Presentation

Welcome to the website of Project-Team BEAGLE.

BEAGLE is a joint research group between:

  • INRIA: the French National Institute for Research in Computer Science and Control
  • INSA Lyon: Lyon Polytechnical University for Science and Technology
  • University Claude Bernard Lyon 1: the largest university in Rhone-Alpes’ region

We are located in Lyon, France (see our contact page for directions).

Open position

In collaboration with team Morpheme (Inria Sophia-Antipolis) and the Fleischmann lab (Brown University), we are looking for postdoctoral researchers that are passionate about image analysis in neurodevelopment.

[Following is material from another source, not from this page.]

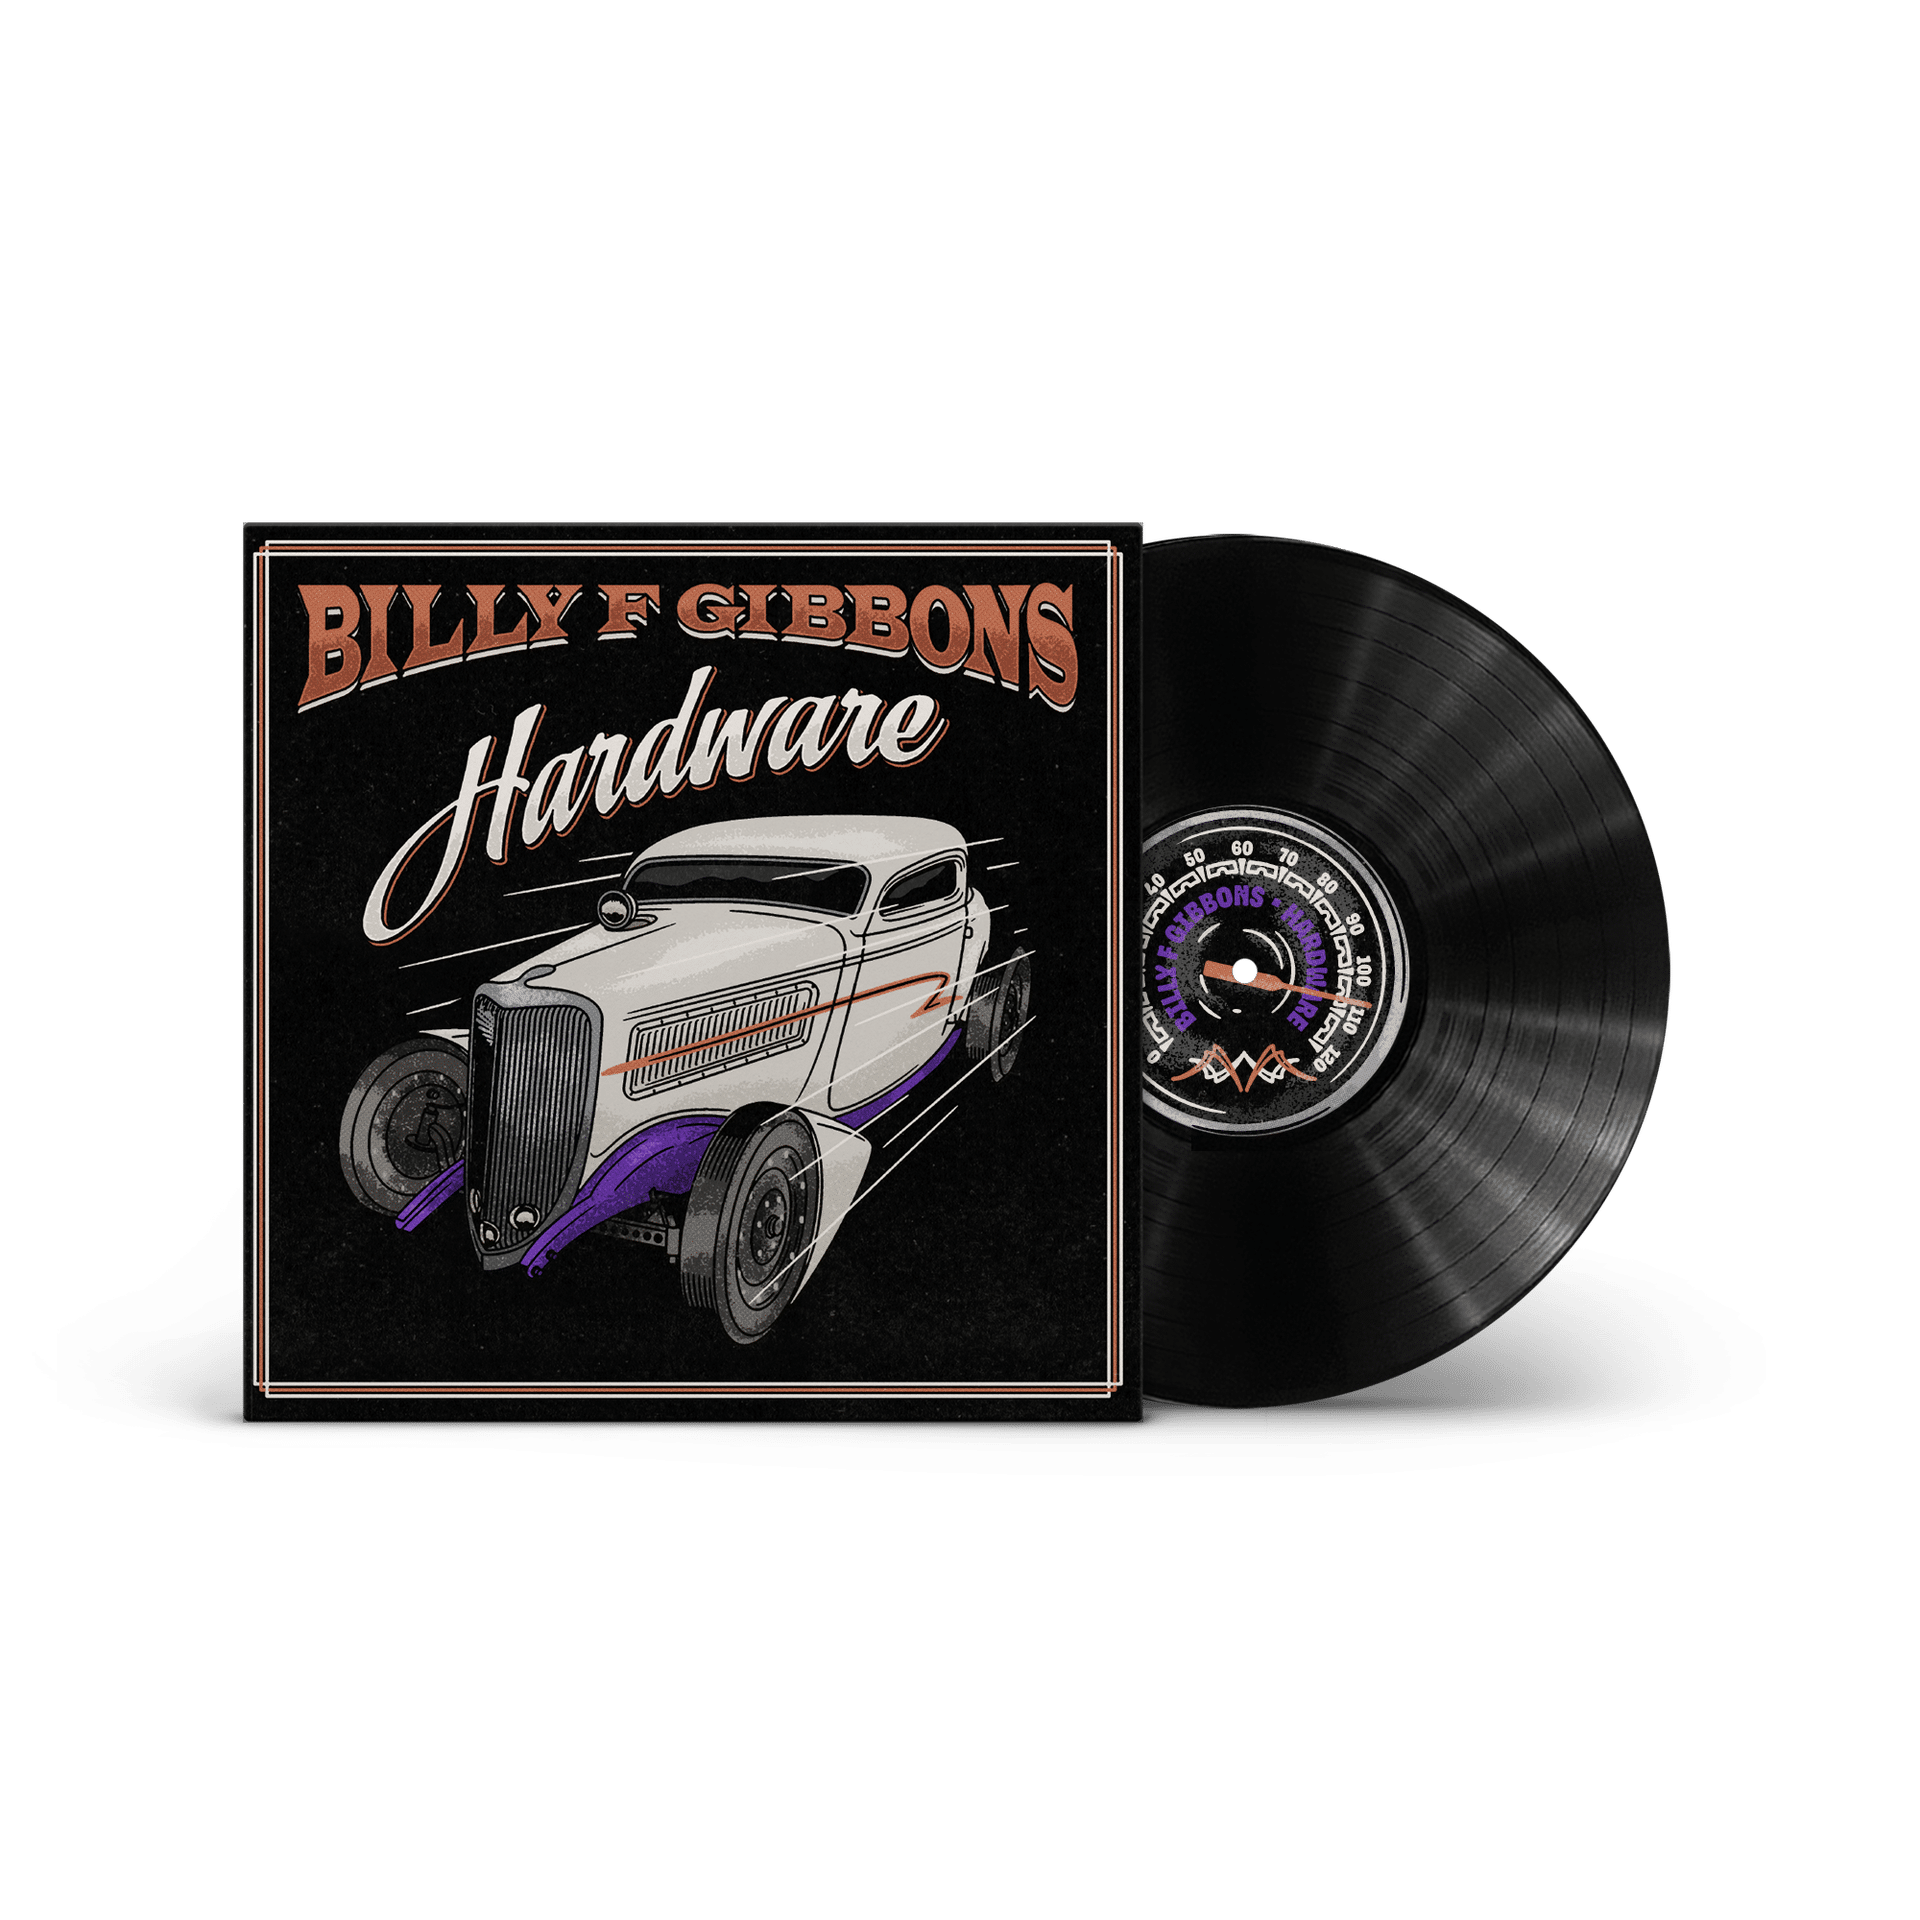 Billy F Gibbons - Hardware

Roughly speaking, our goal is to develop a scalable pipeline for the quantification of neuronal nuclei, stained for specific proteins, in large volumes of spatiotemporal imaging data. If you are interested, please check out the MSCA Postdoctoral Fellowships website (https://euraxess.ec.europa.eu/jobs/hosting/inria-msca-pf-2022-hosting-offer-grenoble-lyon-5) and contact us (email: anton.crombach@inria.fr or guillaume.beslon@inria.fr).

For short

The expanded name for Beagle is “Artificial Evolution and Computational Biology”. Our research is at the interface between biology and computer science and aims at contributing new results in biology by modeling biological systems. In other words we are making artifacts – from the Latin artis factum: an entity made by human art rather than by Nature – and we explore them in order to understand Nature. Using computational approaches, we study abstractions of cellular systems and processes in order to unravel their organizational principles.

 

Funding

Project-team Beagle is funded by the following laboratories / institutes / agencies

INRIA Logo INSA LBBE Logo CNRS
Logo UCB Lyon 1 Logo LIRIS Logo CARMEN Logo ANR
Research themes

Two main topics:

  • Computational Cell Biology: We develop models of the spatio-temporal dynamic of cells and their molecular components, in particular the complex interplay between the reaction and the diffusion processes when the medium is not homogeneous or the number of molecules is too low to account for a perfect mixing hypothesis. We particularly focus on the consequences on the signaling networks and on the stochasticity of transcription.
  • In silico Models of Evolution: To better understand the cellular structures (genome organization, transcription networks or signaling cascades) we propose to study their historical evolutionary origin. In silico experimental evolution allows the study of how evolution in various conditions (e.g., large vs. small efficient population sizes, high vs. low mutation rates, stable vs. unstable environments…) leads to some specific structures shaped by the needs of robustness, variability or evolvability.

Both topics are strongly complementary: on the short time scales biological systems are constrained by the physical nature of their substrate but, on long time scales, they are also constrained by their evolutionary history. Therefore, studying both time scales and both constraints – including their interactions – gives us a global viewpoint on the roots of biological organization.